Additionally, they said, the corrective plan says nothing about $6.4 million in overspending on programs—”the most significant omission in the CAP”—and the growing amount of interest it owes the King County Investment Pool, from which it routinely borrows money. As we noted in our initial coverage, the $6.4 million is on top of $8 million in spending the KCRHA could not account for, $4 million in administrative overspending, and $1.26 million in interest that is “still growing.”
The KCRHA spokesperson said the agency already addressed the $6.4 million in overspending in late 2025 and early 2026.

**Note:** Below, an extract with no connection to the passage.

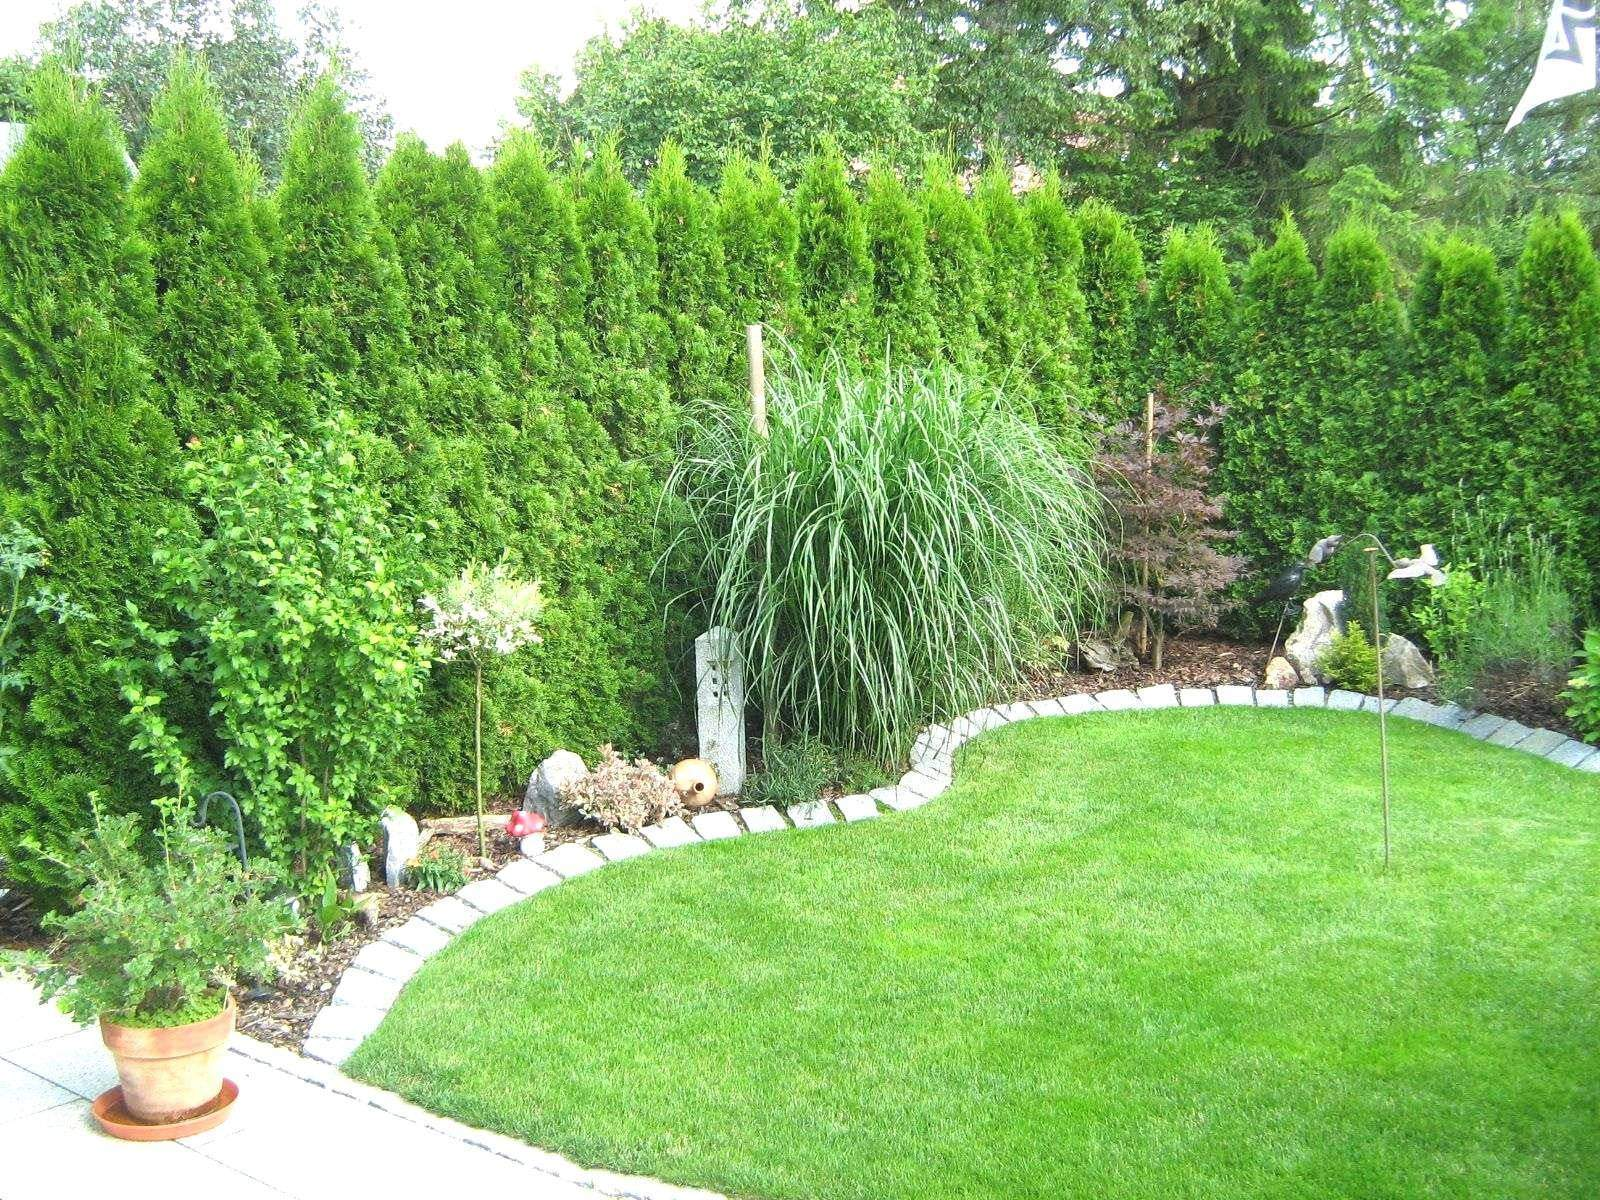 Asiatischer Garten Genial 27 Reizend Hangsicherung Garten Luxus

Clark Nuber also noted that the KCRHA has put off establishing internal financial controls until the far-off Phase 3 of the plan, even though these controls are “not an aspirational best practice,” but required by federal law. “This means KCRHA will be administering significant public funds, including federal awards, without the required control structure throughout the period that is supposed to represent its most intensive corrective action effort.”
The report includes ten short-, medium-, and long-term recommendations for the city and county. It’s unclear whether either government will take the auditors’ adivce to heart; ten days after Clark Nuber published its report, Seattle Mayor Katie Wilson and King County Executive Girmay Zahilay jointly announced plans to “embed” (and pay for) an outside consultant to “ensure [the] corrective actions” in the KCRHA’s plan “are being implemented with urgency.”
Wilson’s office did not respond to questions Wednesday; Zahilay’s office referred us to his statement about the decision to hire a consultant. The new finance committee of KCRHA’s governing board—one of the steps outlined in the CAP—will meet Thursday morning at 10am.